此外,para.getElementsByTagName("p")
返回的集合将从 0
开始。
如果您索引到 getElementsByClassName
返回的初始集合,然后链接到 getElementsByTagName
,并将其用作 For Each
的集合(留下索引),那么您的代码将如何工作从 1 开始,然后您可以使用它写出正确的行;您可以使用循环变量 para
获取当前节点 innerText
):
Option Explicit
Public Sub TryKeywordSearch()
Dim http As Object, html As New HTMLDocument
Dim paras As Object, para As Object, i As Long
Set http = CreateObject("MSXML2.XMLHTTP")
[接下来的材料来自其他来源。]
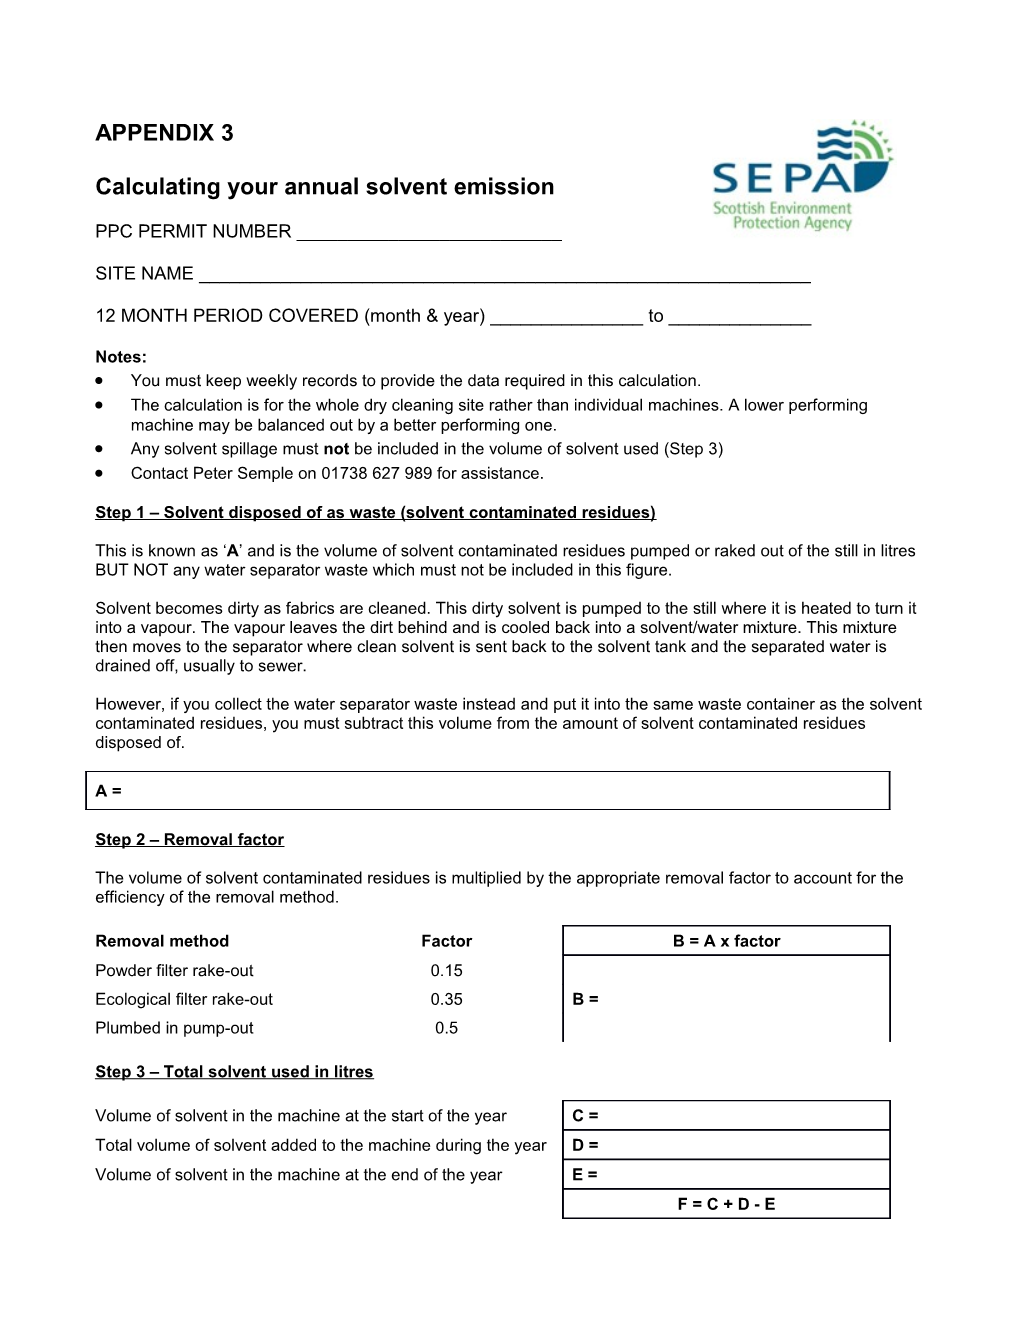 Calculating Your Annual Solvent Emission

http.Open "GET", "https://www.fool.com/earnings/call-transcripts/2019/07/17/netflix-inc-nflx-q2-2019-earnings-call-transcript.aspx", False
http.send
html.body.innerHTML = http.responseText
Set paras = html.getElementsByClassName("article-content")(0).getElementsByTagName("p")
i = 1
For Each para In paras
ThisWorkbook.Worksheets("Sheet1").Cells(i, 1).Value = para.innerText
i = i + 1
Next
End Sub
相反,您可以使用更快、更易读的 IMO css selector combination 来获取父级中的所有 p
标签 class article-content
:
Option Explicit
Public Sub GetParagraphs()
Dim http As Object, html As HTMLDocument, paragraphs As Object, i As Long
Set html = New HTMLDocument
With CreateObject("MSXML2.XMLHTTP")
.Open "GET", "https://www.fool.com/earnings/call-transcripts/2019/07/17/netflix-inc-nflx-q2-2019-earnings-call-transcript.aspx", False
.send
html.body.innerHTML = .responseText
End With
Set paragraphs = html.querySelectorAll(".article-content p")
For i = 0 To paragraphs.Length - 1
ThisWorkbook.Worksheets("Sheet1").Cells(i + 1, 1) = paragraphs.item(i).innerText
Next i
End Sub
我在 VBA/Excel 中使用 MSXML 和 WinHTTP。我正在尝试从一个元素内的所有
标记元素中提取 'innertext'。
子程序如何遍历特定 class 中的所有
标记并填充工作表?
提前致谢。
我正在尝试将此策略 [0] 应用到此网站 [1]
[0] https://codingislove.com/parse-html-in-excel-vba/ [1] https://www.fool.com/earnings/call-transcripts/2019/07/17/netflix-inc-nflx-q2-2019-earnings-call-transcript.aspx
Sub tryKeywordsearch()
Dim http As Object, html As New HTMLDocument
Dim paras As Object, titleElem As Object, detailsElem As Object, para As HTMLHtmlElement
Dim i As Integer
Set http = CreateObject("MSXML2.XMLHTTP")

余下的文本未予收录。